The Bounty sounds good, but your tanker, I used plastic structure for railings but may not be to your scale.
Weather...bad experiance...last Monday evening set off for Dover and hotel before crossing next morning into France to visit our French friends. Journey time normal 1.5 hours, we hit the snow problems in Kent, 5 hours later we got 3 miles from hotel and spent another 5 hours sleeping and moving, arrived hotel 3:30am .... came home again next day...fedup to say the least, as roads closed in France, and strike at Calais, Chl: tunnel also closed that morning..try again in April...
Golf sounds a good idea should be OK soon, can only manage 9 holes these days.
Best Regards
Pete


----------



## golfer8

,Hi Pete 
Sorry for not replying sooner been busy making planters for friends gardens 
been looking at railings for tanker the Cornwall site has a good selection will have a go at making some and see how I get on.
Hope your weather has improved and you got to France we have missed all 
the bad weather no rain for last seven weeks so playing plenty golf but the course is burnt dry like links course we need rain soon but once it starts it forgets to stop, hoping to start the Bounty once I make a display case for the 
Brennan and that will clear the workbench and give me more room.
Any joy with Tudor Prince, have you solved her problems, like your fishing boat
they are good we kits to make, must close keep up the good work look forward 
for your updates .
Regards 
Allan.


----------



## k1w1bob

Hi Re your lifting thoughts. (My only concern is lifting her in and out the water because of the weight. I have Parkinsons so the tremor causes me problems.)

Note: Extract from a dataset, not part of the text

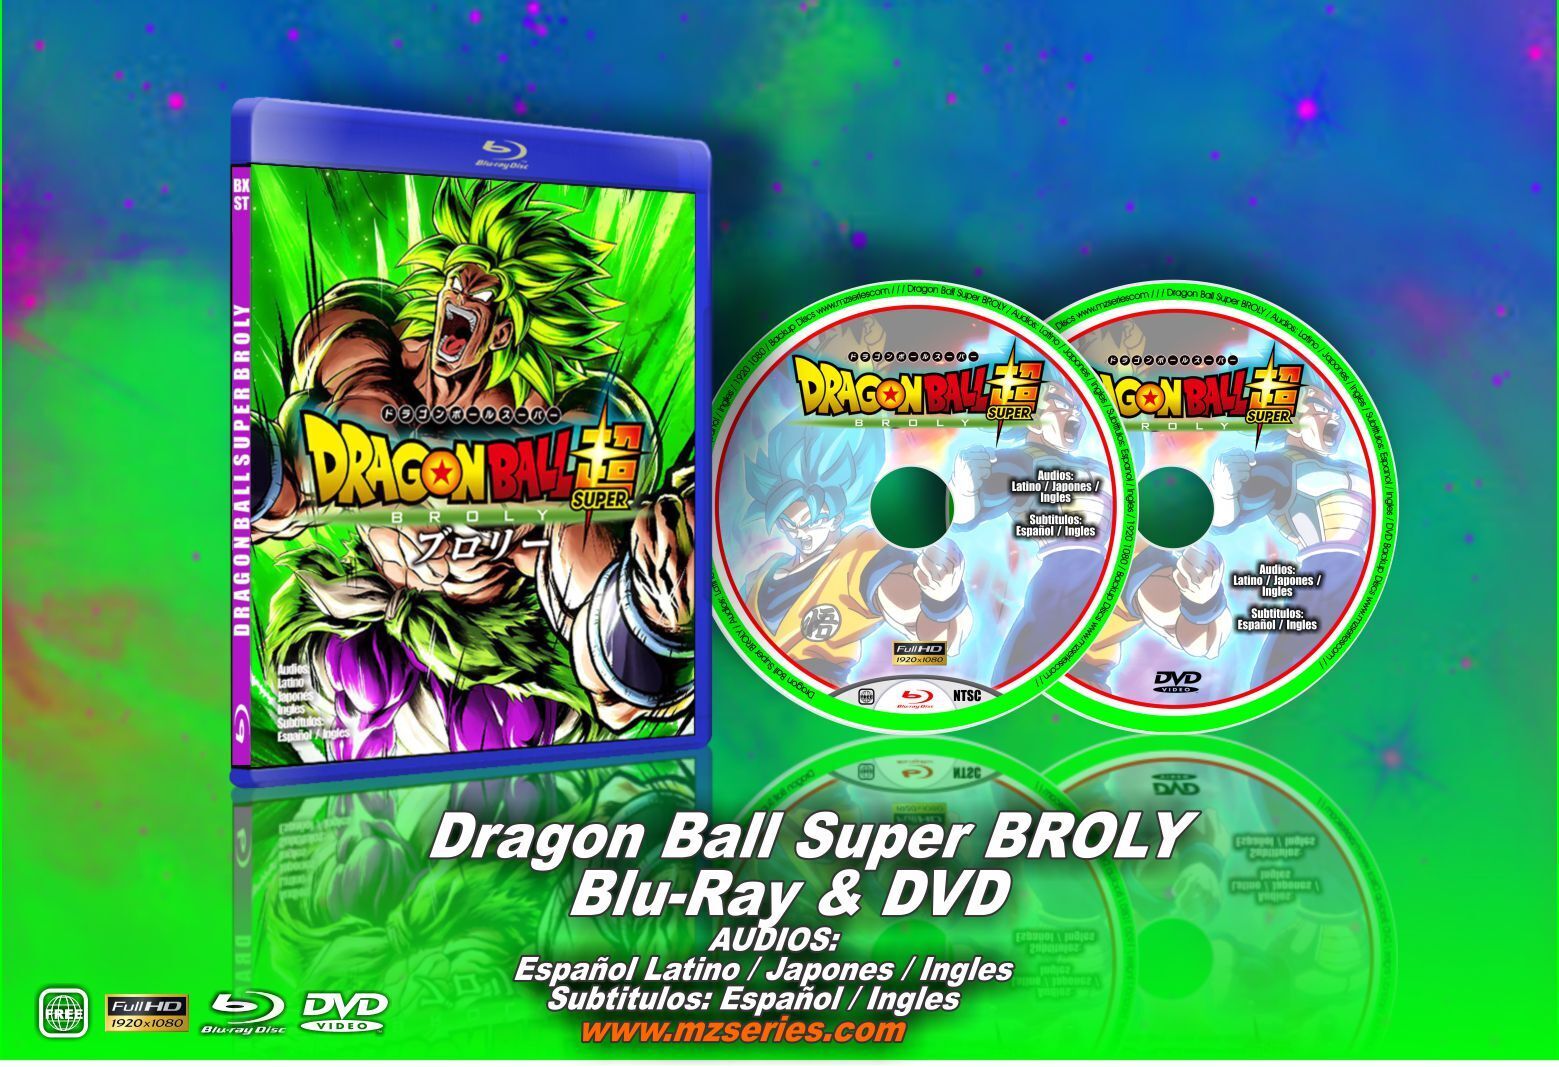 Dragon Ball Super Broly BluRay & DVD Latino, ingles japones subts esp ing  boxset | eBay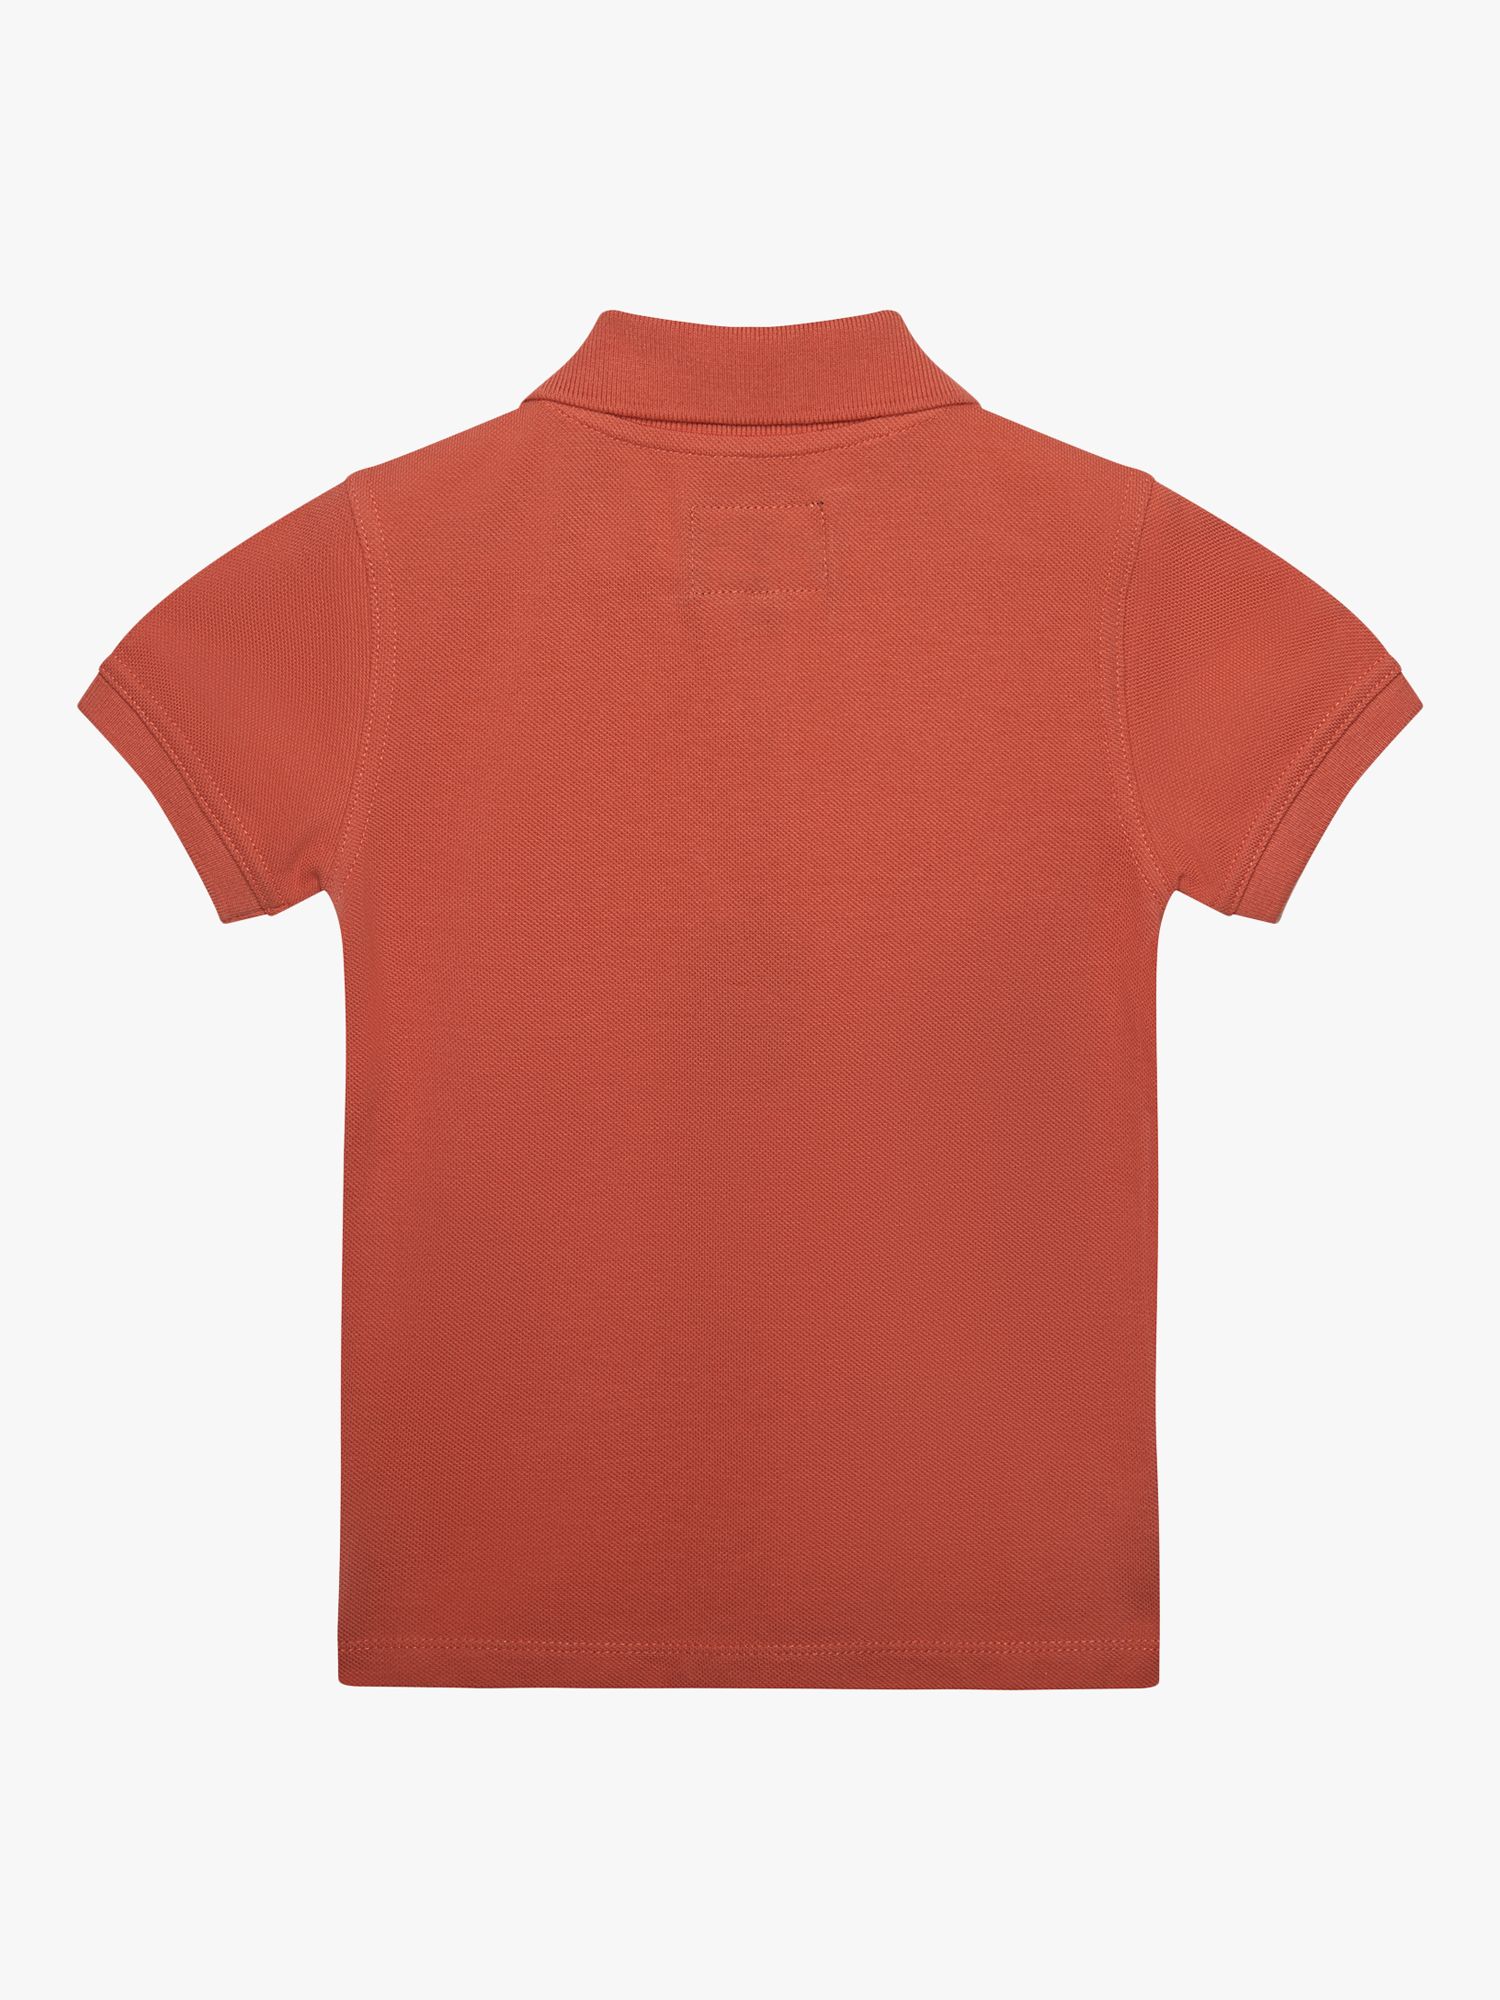 Trotters Kids' Harry Pique Polo Shirt, Orange, 12 months

I have had a similar problem (back and large model!!) to overcome this I used two slings made from very soft climbing rope with 25mm plastic tube handles. To lift slip under for and aft (avoid rudder and prop) lift and place in water then slide out and sail off do reverse to lift out, these are also good with long heavy ships with two people. If required I can photograph and post.
Cheers
Bob


----------



## PJG1412

Hi Bob 
That sounds an easy way I will try that next time, but at present the tanker leaks water through prop shaft I think. More important builds going on at present I.e HMS Surprise, also garden takes priority this time of year. 
Pete
(@)


----------



## Ian Kemp

I was the 4th engineer on the maiden voyage from Sunderland. The engine was a "P" type Doxford, this was a forerunner of the "J" engine. On sailing from Aden to Lorenco Marques we experienced a major engine failure off Cape Guardafui (Somalia). One of the side rod bottom ends was broken into two pieces and from a visual examination a further 9 were found to have cracks. As the vessel was in a precarious position, heading towards a rocky shore with no available anchorage, an SOS was sent and a Swedish cargo ship came to assist if required. Fortunately the vessel stayed clear of the rocks and we renewed the broken bottom end bearing and returned to Aden. The cargo was transferred to a Norwegian tanker. The Tudor Prince loaded a cargo for the UK. A complete set of side rod bottom end bearings were flown out to the vessel and two technicians from Doxfords assisted by a shore squad renewed all of the 12 side rod bearings. On completion of the work the vessel sailed to the Isle of Grain to discharge and from there to drydock in Cardiff September 1961. 
On return home I visited Doxfords and was shown the new design of the bottom end bearings. The original had a major design failure.
The 3rd Engineer was Dick Stuart, Chief was Joe Wandless


----------